• Task:
Exactly retype the lines below from the one containing "SAN CLEMENTE, CALIFORNIE" through the end of the listing. Leave pictures out.

• Dataset excerpt:
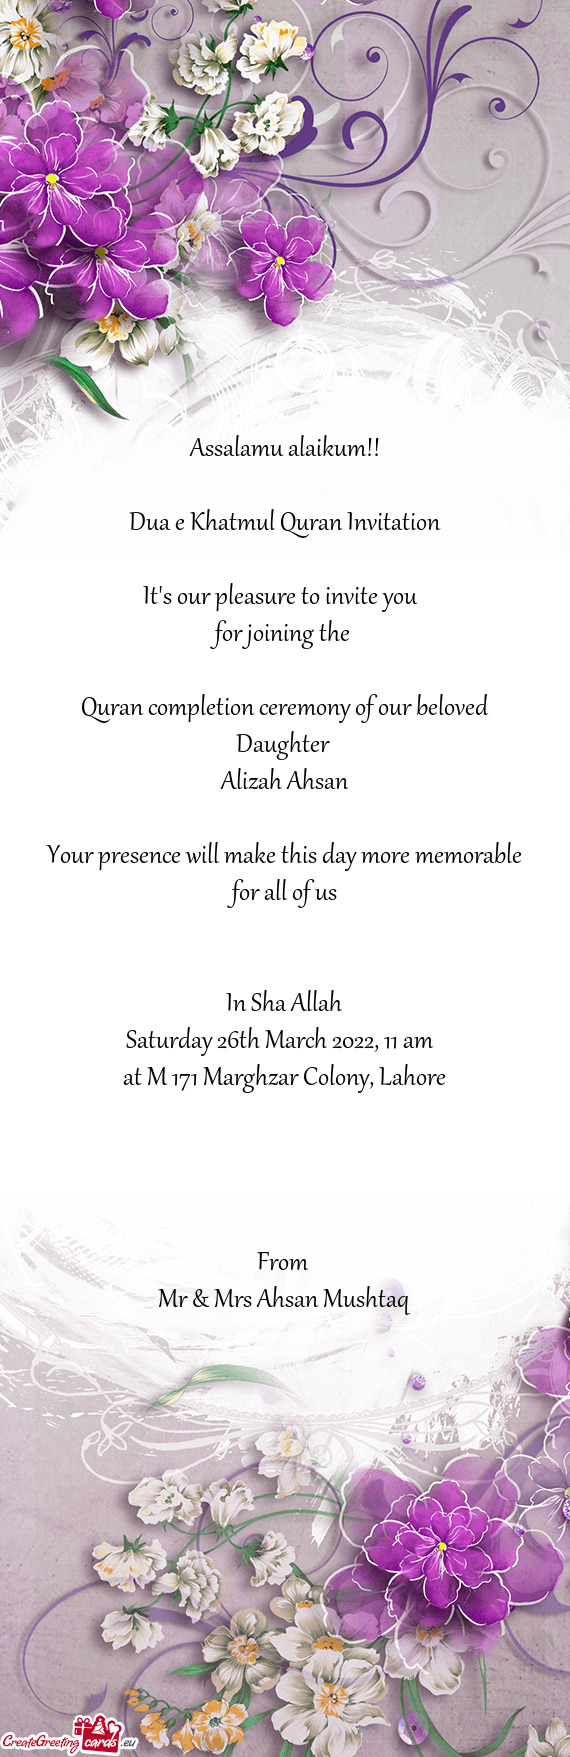 Dua e Khatmul Quran Invitation
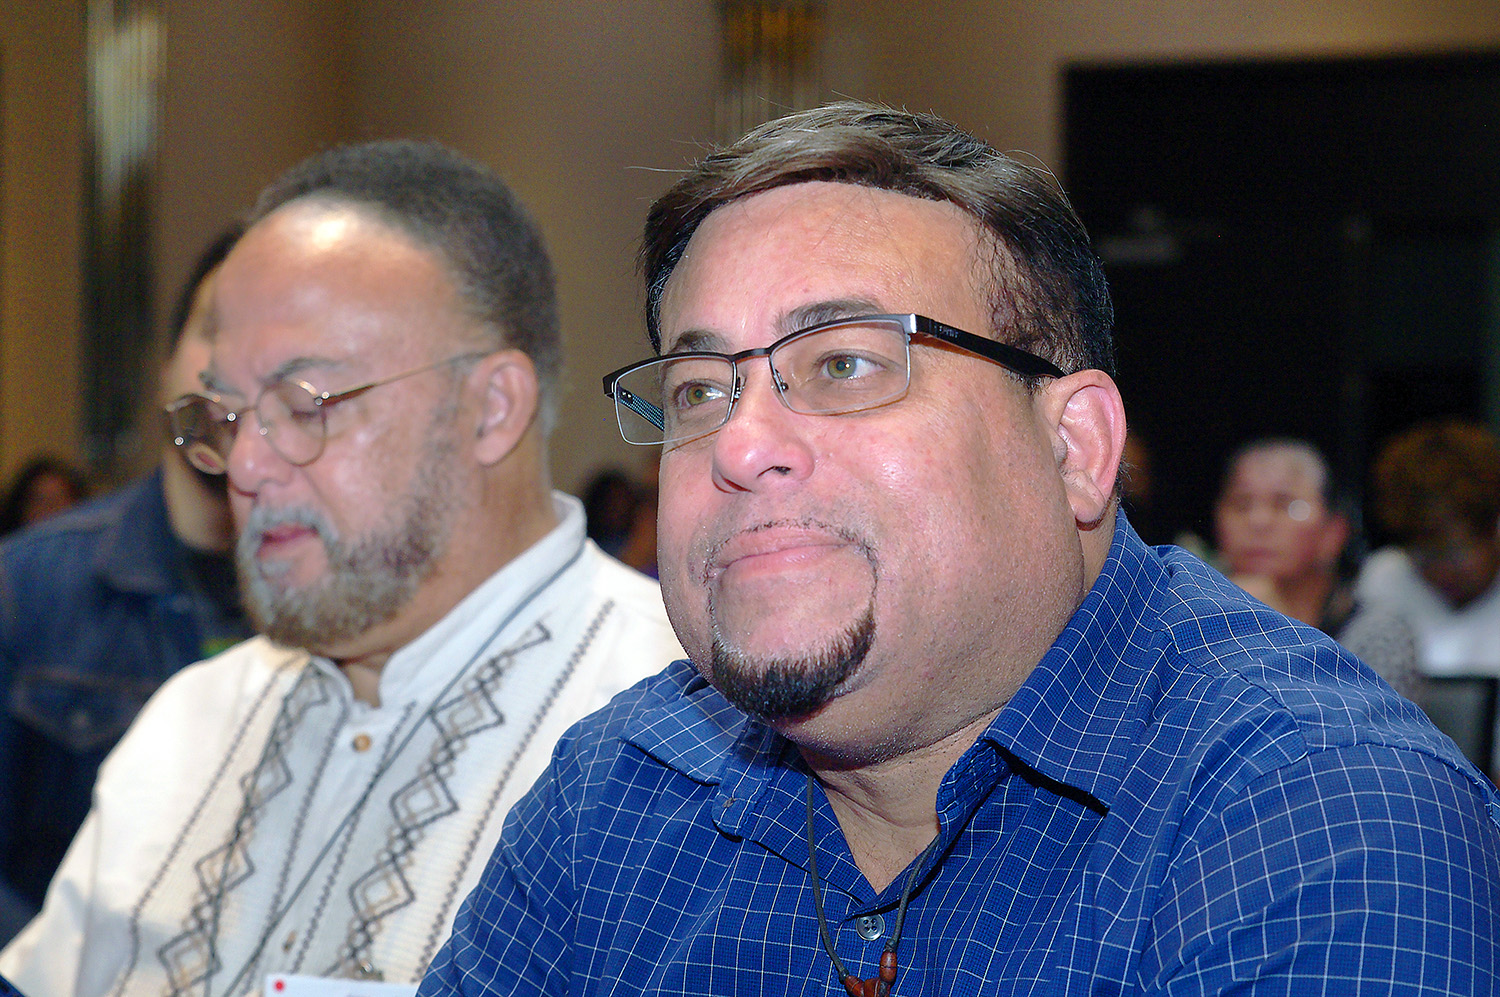 Los reverendos Irvin y Edwin Cotto, Director de Desarrollo Congregacional de la Conferencia del Este de Pensilvania y Pastor de la IMU Cristo en la Conferencia Anual de Florida respectivamente, son hermanos consanguíneos y reconocidos líderes dentro de la comunidad hispano-latina metodista unida. 
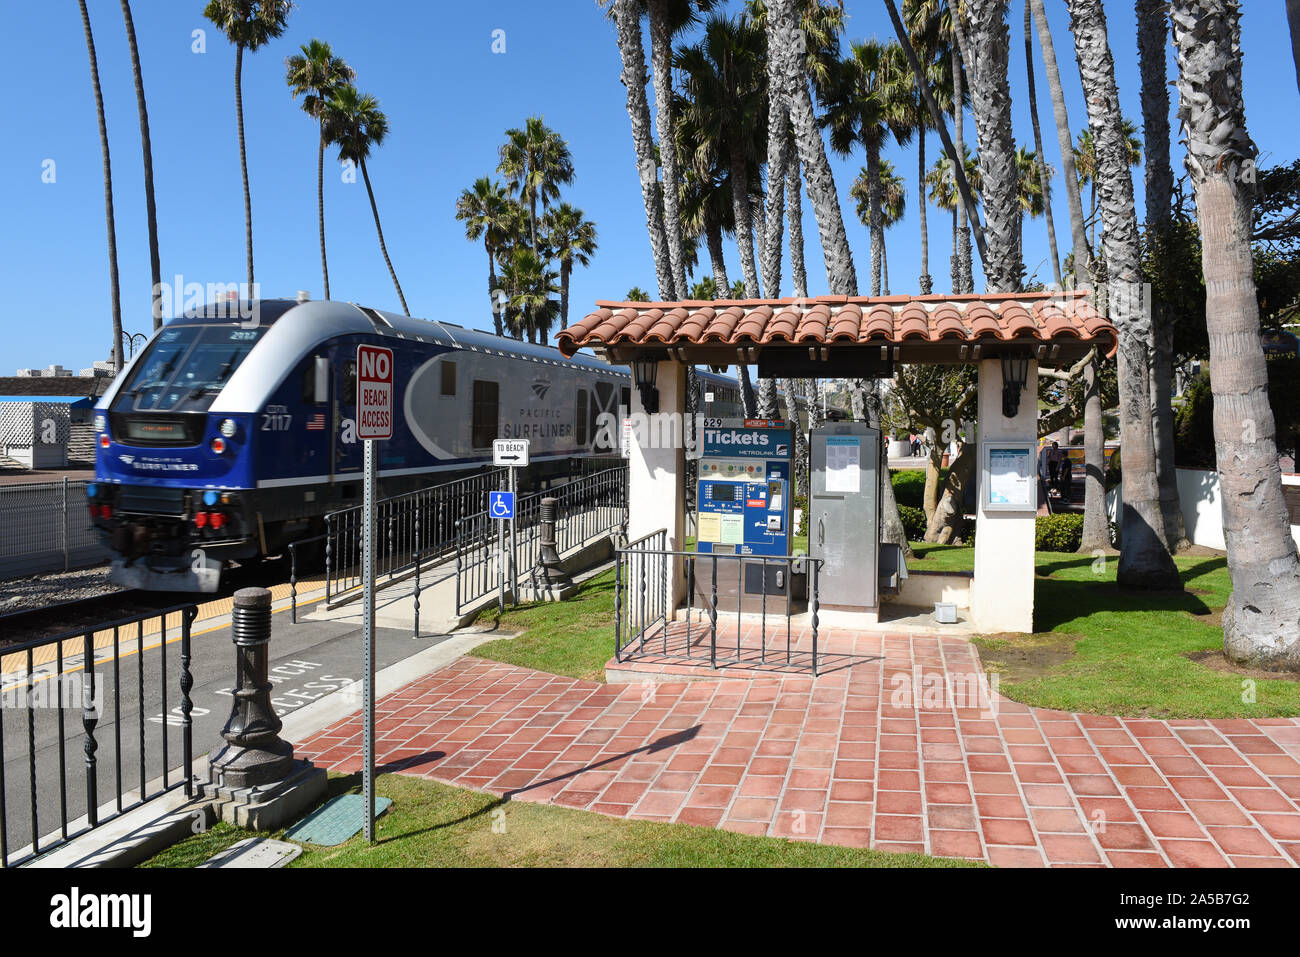 SAN CLEMENTE, CALIFORNIE - 18 OCT 2019 : Ticket Kiosque de l'Sancelmente Pier comme Pacific Surfliner Metrolink à travers la vitesse des trains. Banque D'Images
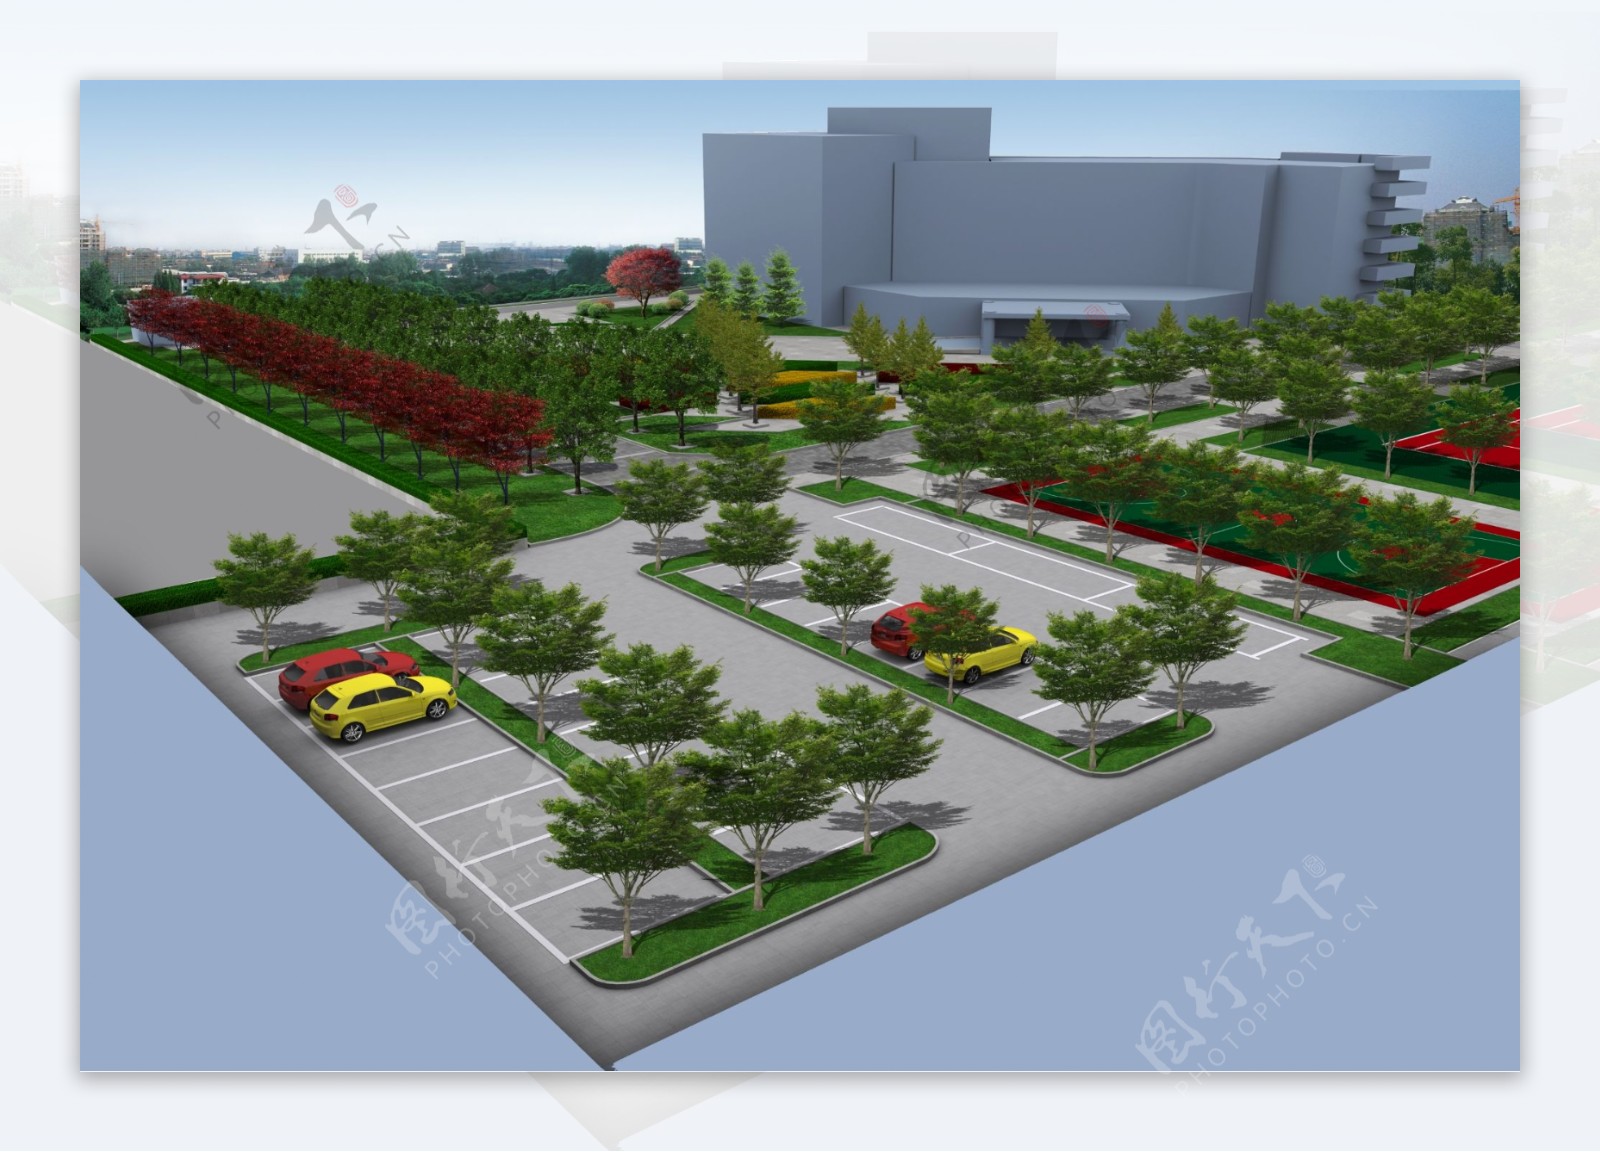 停车场周边绿地绿化改造效果图psd源文件下载

• Solution to this exercise:
 SAN CLEMENTE, CALIFORNIE - 18 OCT 2019 : Ticket Kiosque de l'Sancelmente Pier comme Pacific Surfliner Metrolink à travers la vitesse des trains. Banque D'Images
 停车场周边绿地绿化改造效果图psd源文件下载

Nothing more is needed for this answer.